■ WORK REQUEST ■
Please give the whole listing again word for word, and drop any pictures it holds.

■ EXERCISE DATA ■
.....
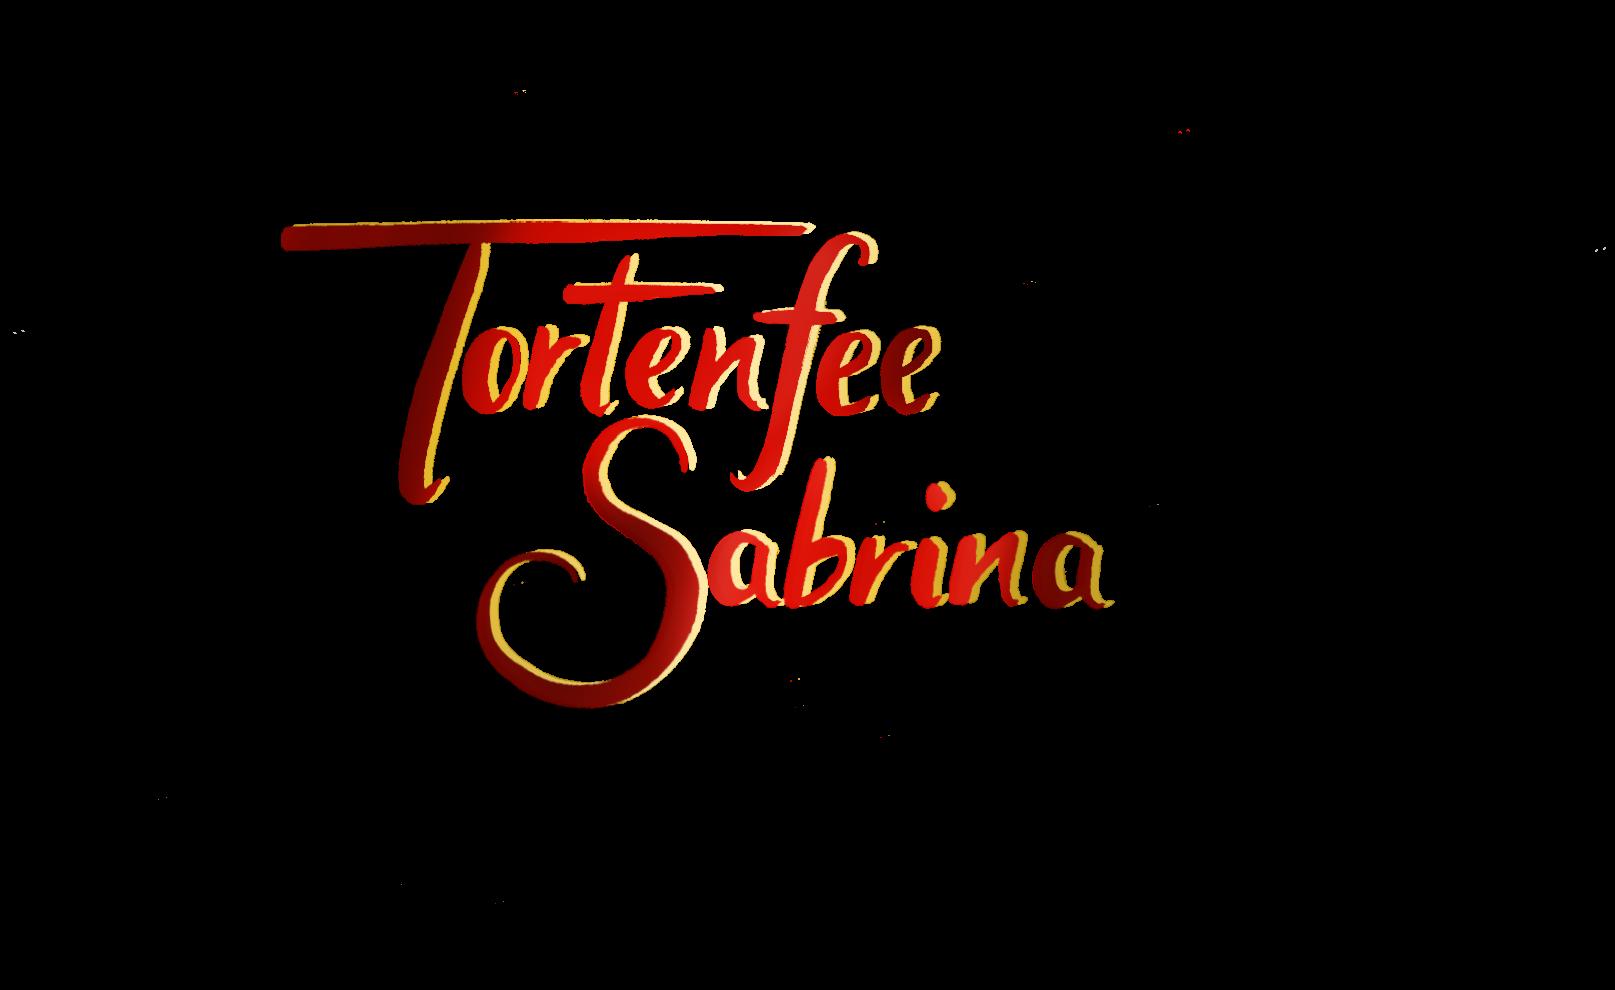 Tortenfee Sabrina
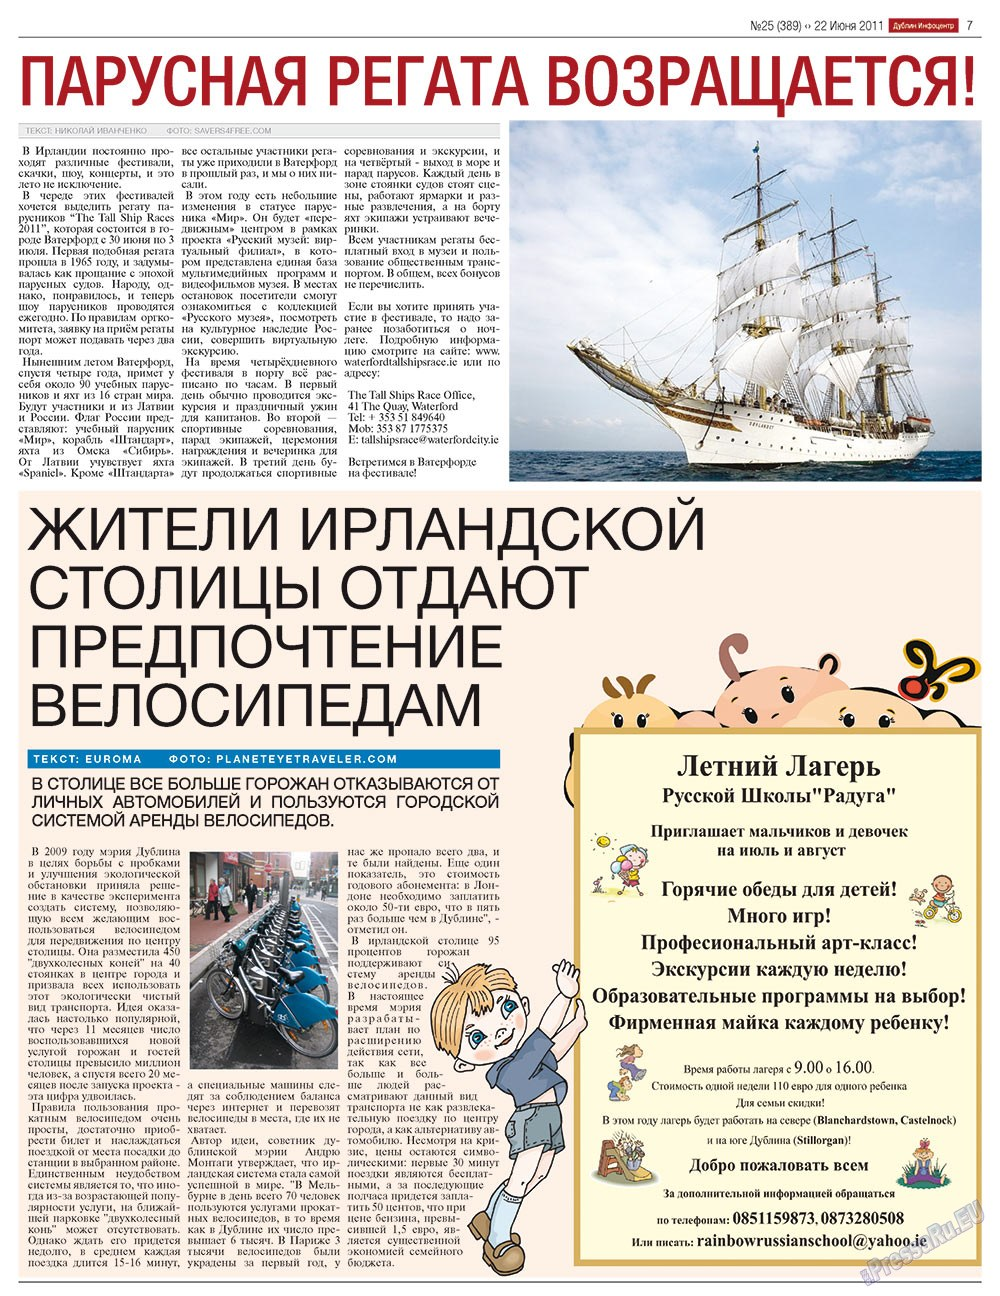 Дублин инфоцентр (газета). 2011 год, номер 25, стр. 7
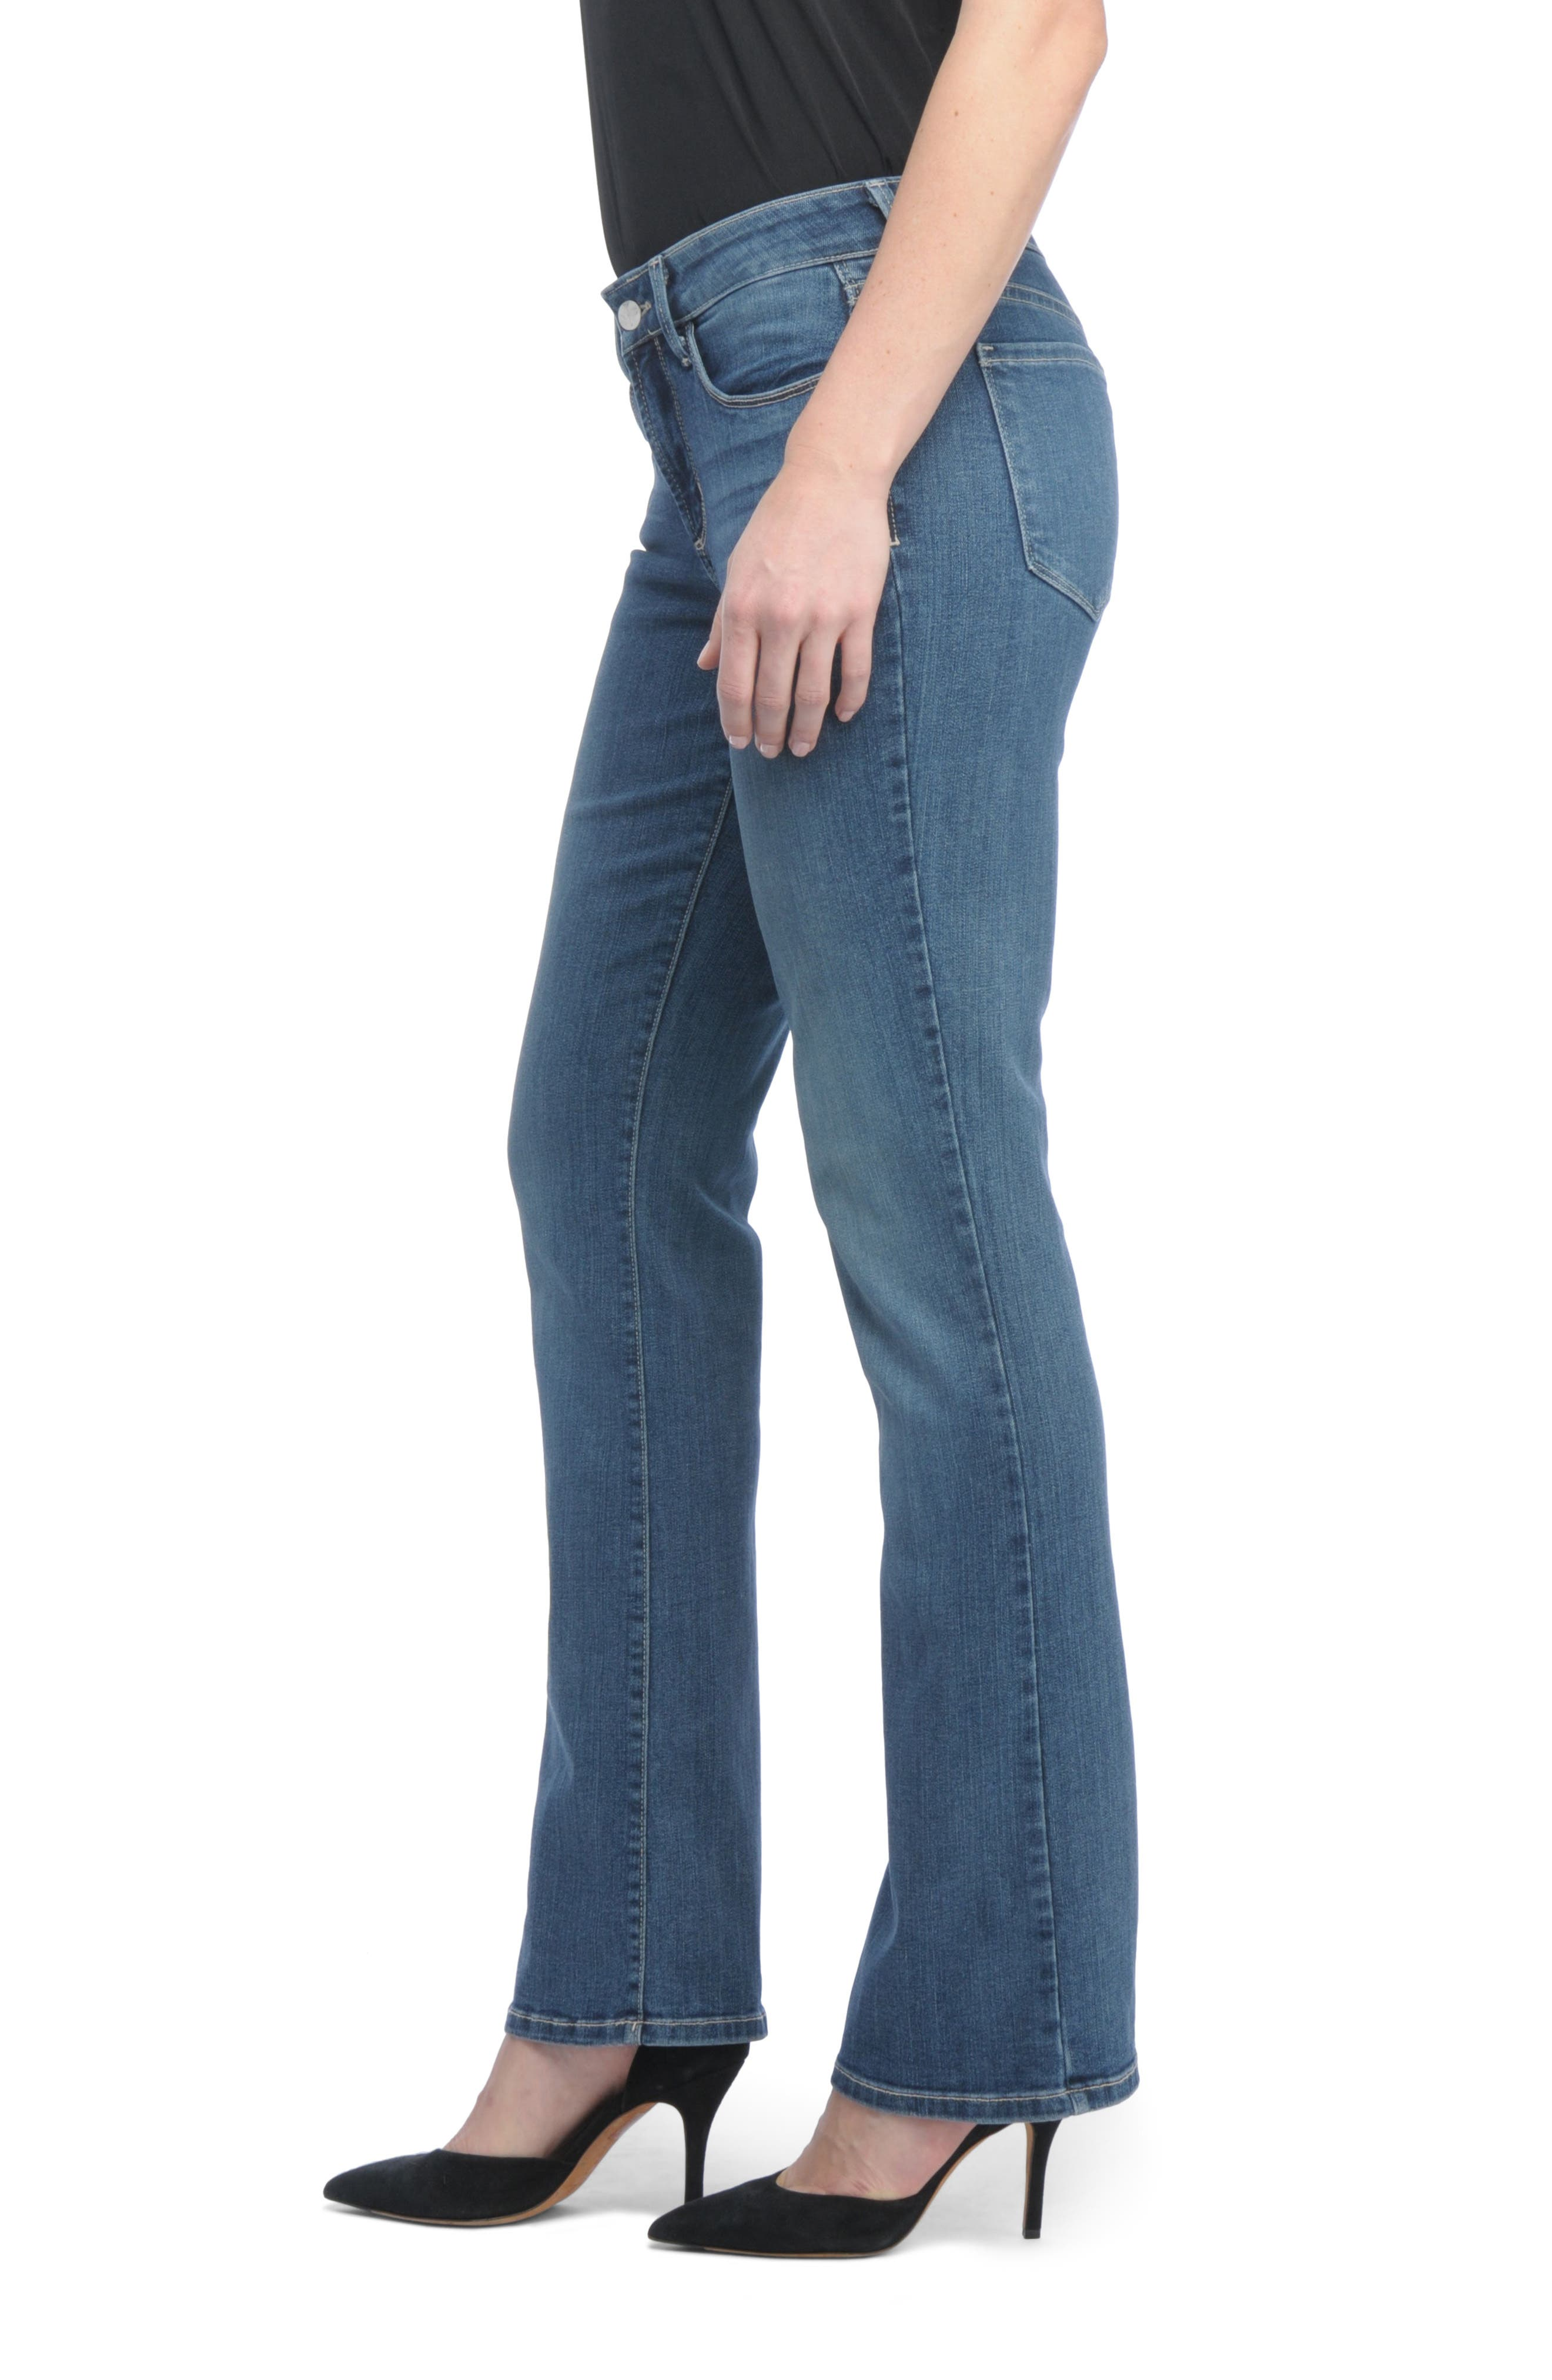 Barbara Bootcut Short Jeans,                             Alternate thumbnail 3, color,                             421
.....
■ EXERCISE SOLUTION ■
 Tortenfee Sabrina
 Дублин инфоцентр (газета). 2011 год, номер 25, стр. 7
 Barbara Bootcut Short Jeans,                             Alternate thumbnail 3, color,                             421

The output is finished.